Eppure la sindaca Raggi nel rispondere alla manifestazione di protesta accusandola di strumentalismo, rivendica invece il profondo cambiamento che sarebbe in atto nella città. Afferma infatti: “Noi abbiamo aperto asili e scuole; abbiamo stanziato 137 milioni per lavori pubblici; abbiamo aperto cantieri ovunque; acquistato 600 autobus nuovi; abbiamo esteso la raccolta differenziata “porta a porta” a 150mila cittadini in meno di otto mesi ; abbiamo aperto piste ciclabili; abbiamo realizzato corsie preferenziali per i mezzi pubblici; abbiamo dato fondi ai Municipi per rifare le strade; abbiamo approvato i bilanci senza fare debiti; abbiamo sgomberato gli scrocconi dalle case di nostra proprietà (vedi Casa Internazionale delle Donne e Centro antiviolenza sulle donne di Tor Bella Monaca); abbiamo sgomberato esponenti del clan Spada dalle case dei cittadini e le abbiamo riassegnate a chi ne aveva diritto; abbiamo promosso il car sharing cittadino..ecc... “. In queste parole manca solo il pudore. Quasi tutte bugie. In compenso nessuna concessione e nessuna autocritica.
Stando così le cose, Salvini ha già vinto. E non sarà l’antifascismo militante a fermarlo. Anzi rischia di rafforzarlo portando la gente e il popolo di Roma a pensare che un certo antifascismo, spesso di maniera, serva a giustificare le cause del proprio malessere o che comunque non sia di aiuto a risolverle. Contestare Salvini a S. Lorenzo dopo l’omicidio della povera Desirée non ha fatto altro che il suo gioco: “Salvini si nutre di quel tipo di contestazione e in poche parole trasforma i contestatori nei difensori dei carnefici di Desirée”, ha scritto Federico Bonadonna. Giudizio che condivido in pieno.

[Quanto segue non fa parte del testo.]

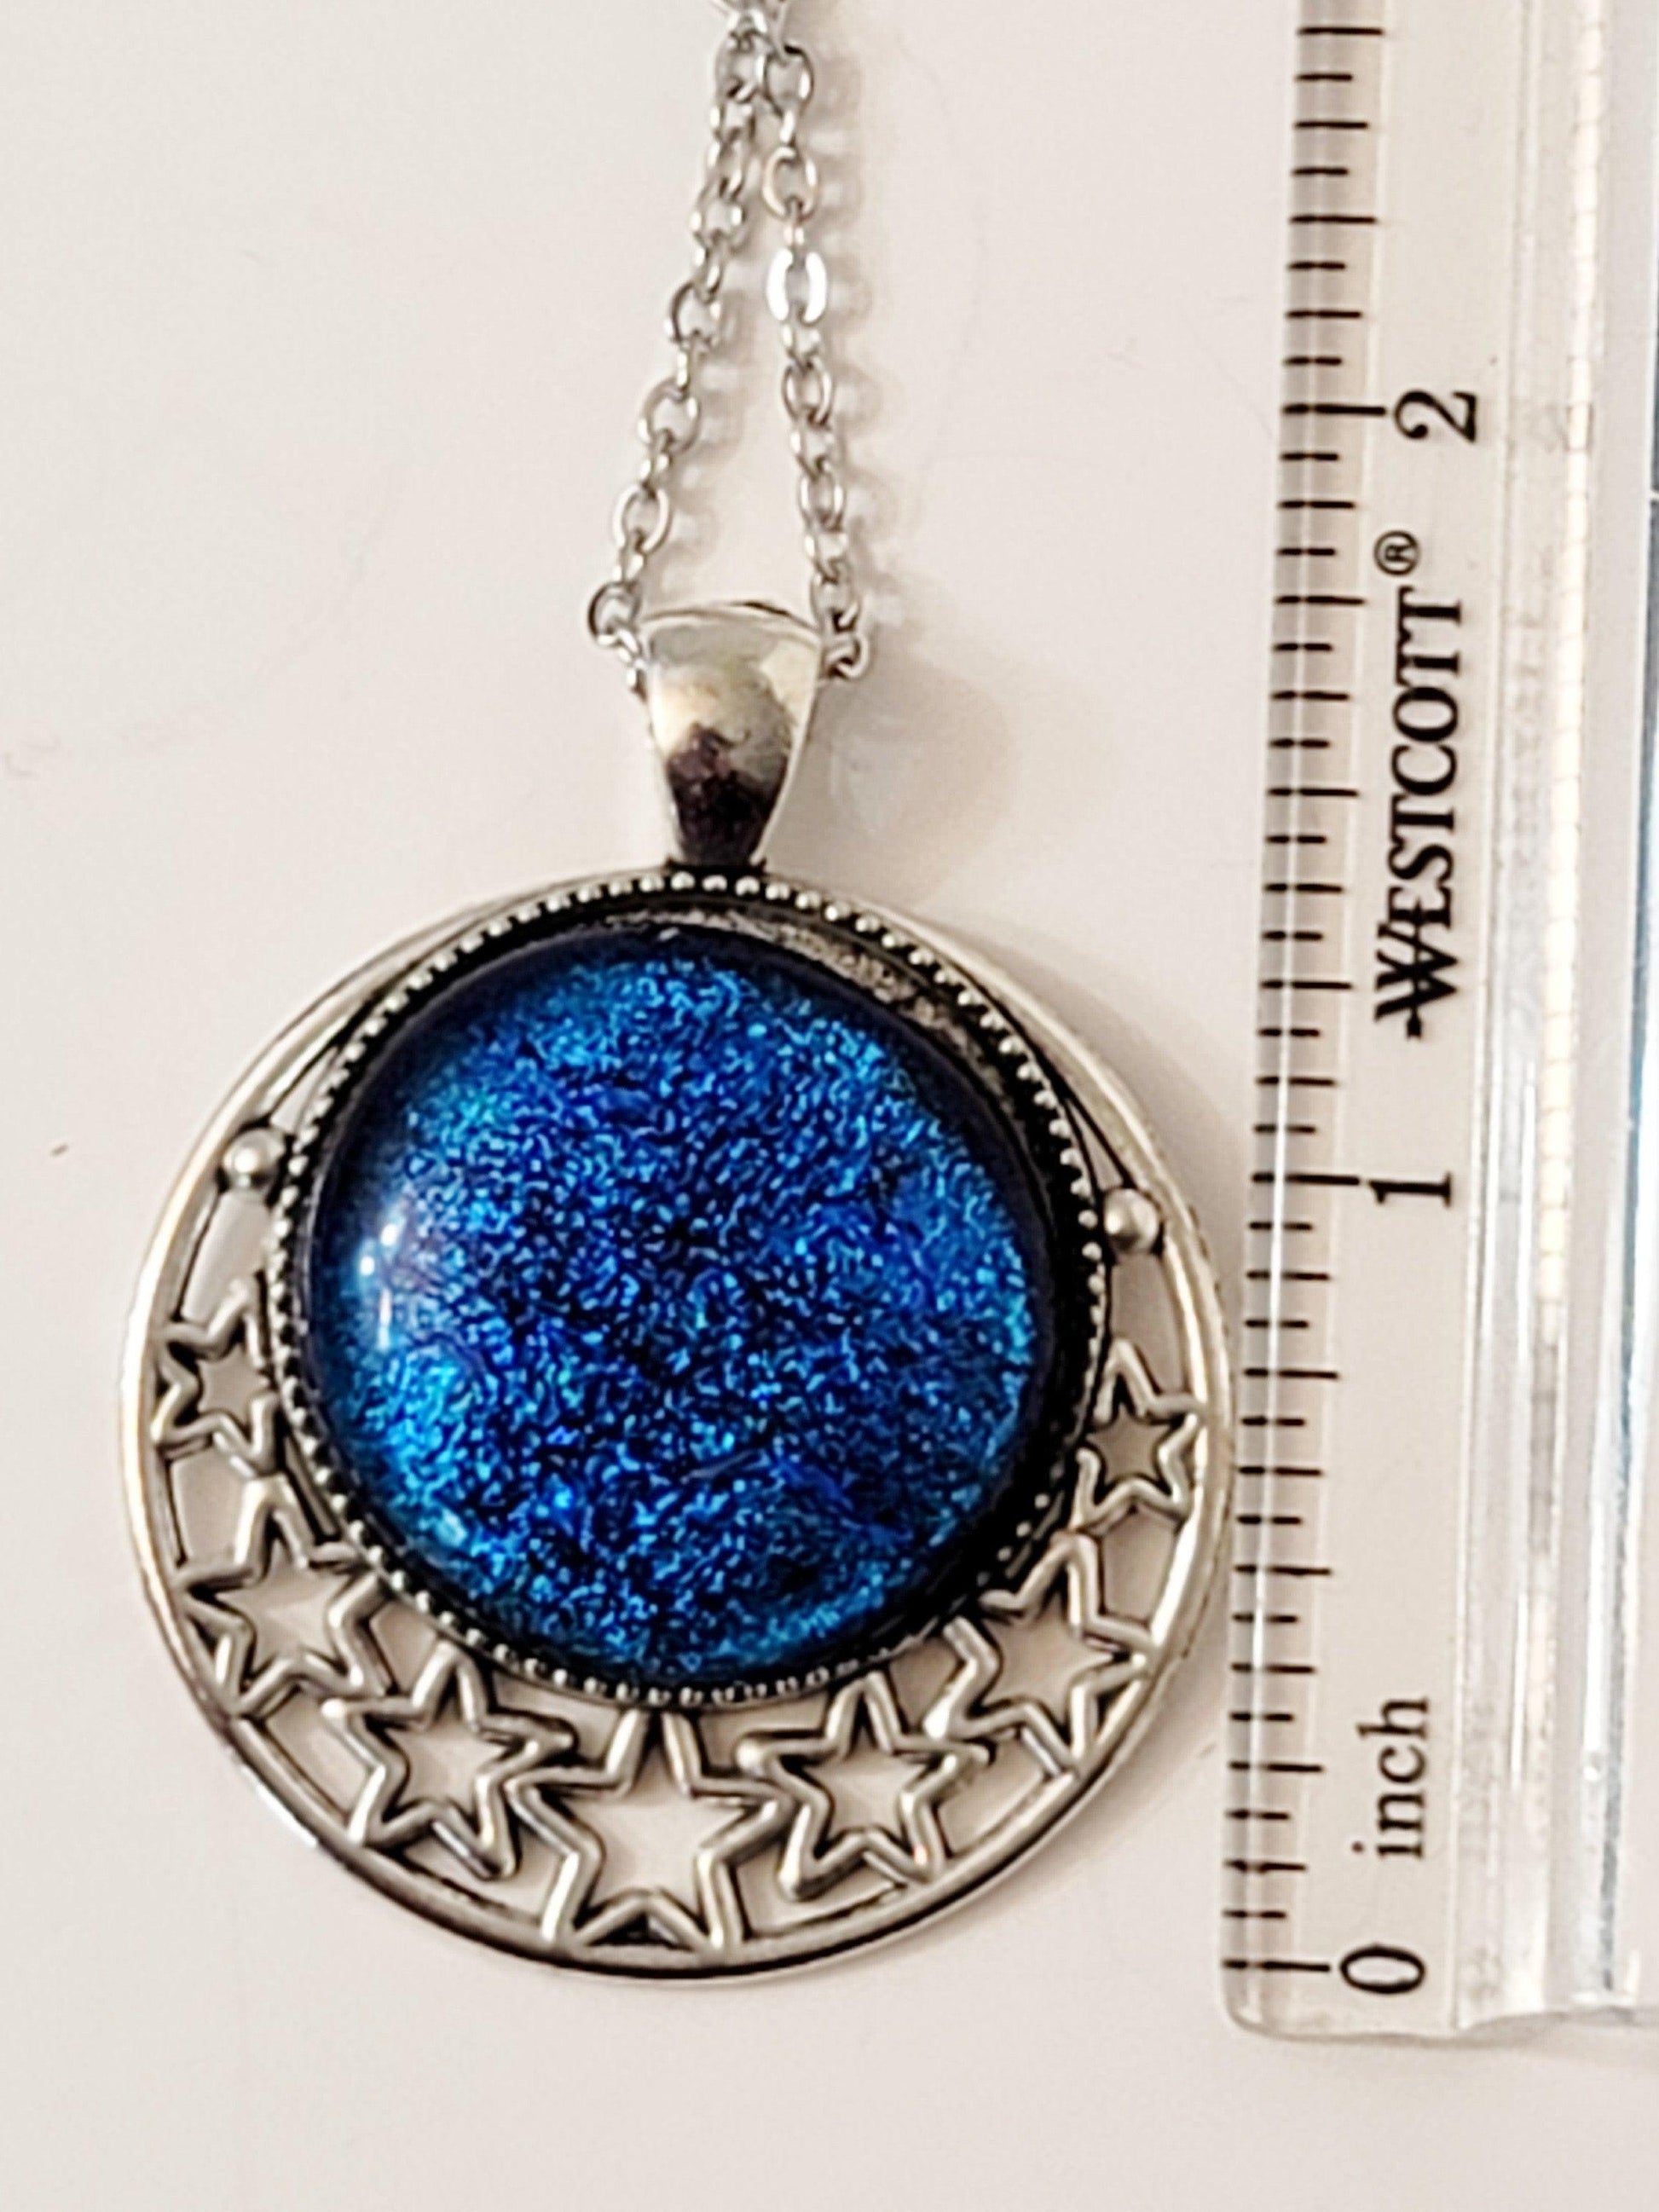 Silver tone Stars Pendant with Blue dichroic glass cabochon on a 20 inch steel metal chain. seeds glassworks fused glass jewelry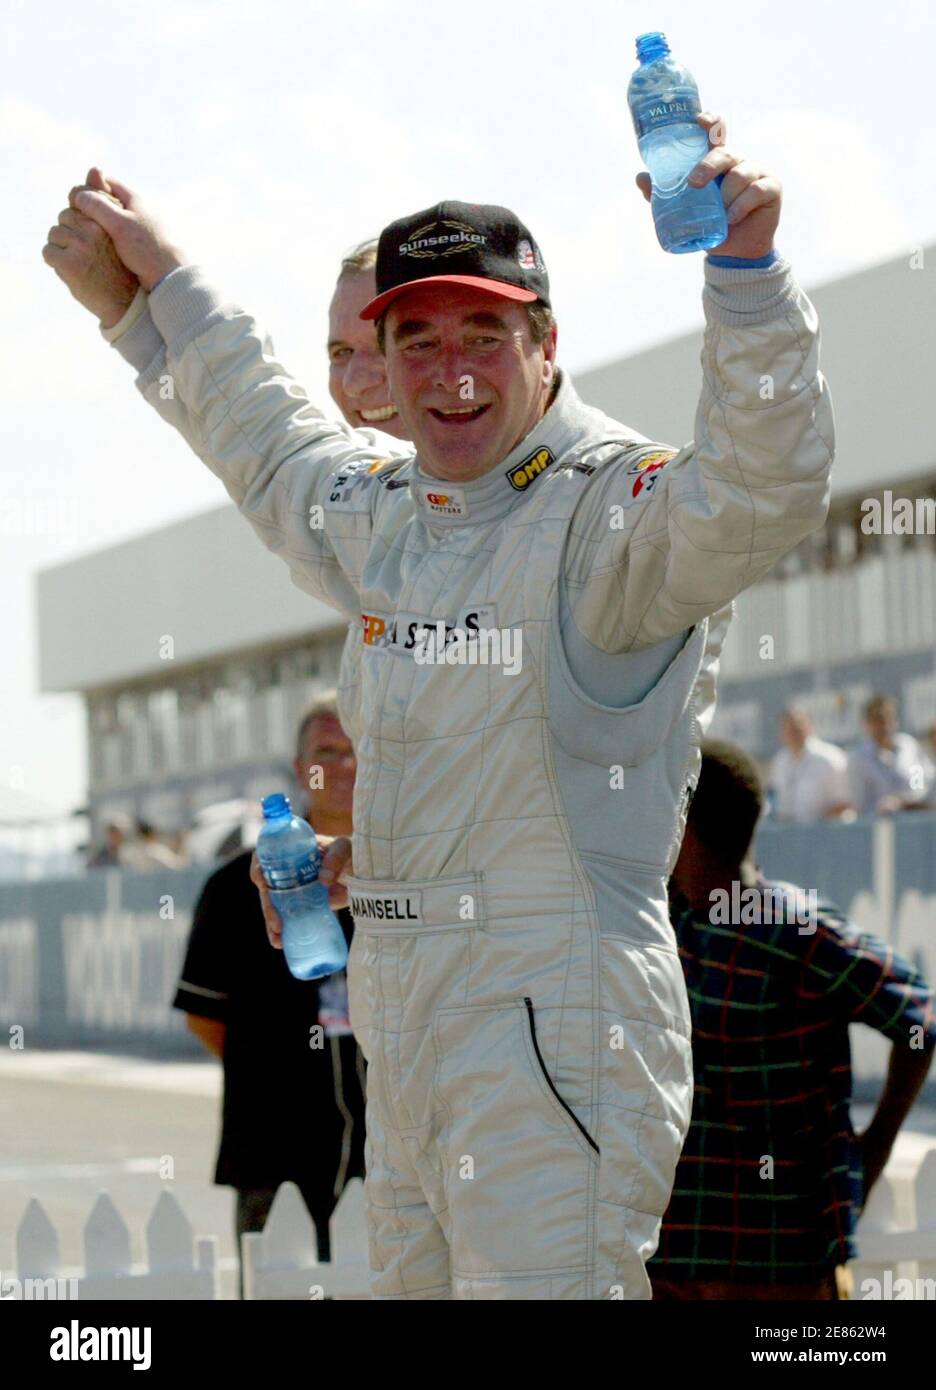 Britains Nigel Mansell celebrates after winning the Grand Prix Master at the Kyalami circuit near Johannesburg, November 13,2005. Mansell, 52, led the 30-lap race from start to finish and held off the challenge of Brazil's Emerson Fittipaldi to win by less than half-a-second. REUTERS Juda Ngwenya Stock Photo

Chiedere oggi le dimissioni della Raggi è invece un’opportunità e una neccessità politica per legare la critica alla sua Giunta ad un malcontento e ad una rabbia popolare che, se non orientata e rappresentata, si riversa in maniera naturale sulla Lega e su Salvini che è abile ad incalanarla mediaticamente. Salvini si può fermare solo mettendo in campo mobilitazioni e lotte contro chi malgoverna la città e non legittimando la Raggi nel campo dell’antifascismo-antileghista. Ripeto. Salvini ha già vinto. Possiamo solo fare in modo che perda. Non consentiamo che si candidi come unica alternativa ai 5S nel governo della città”.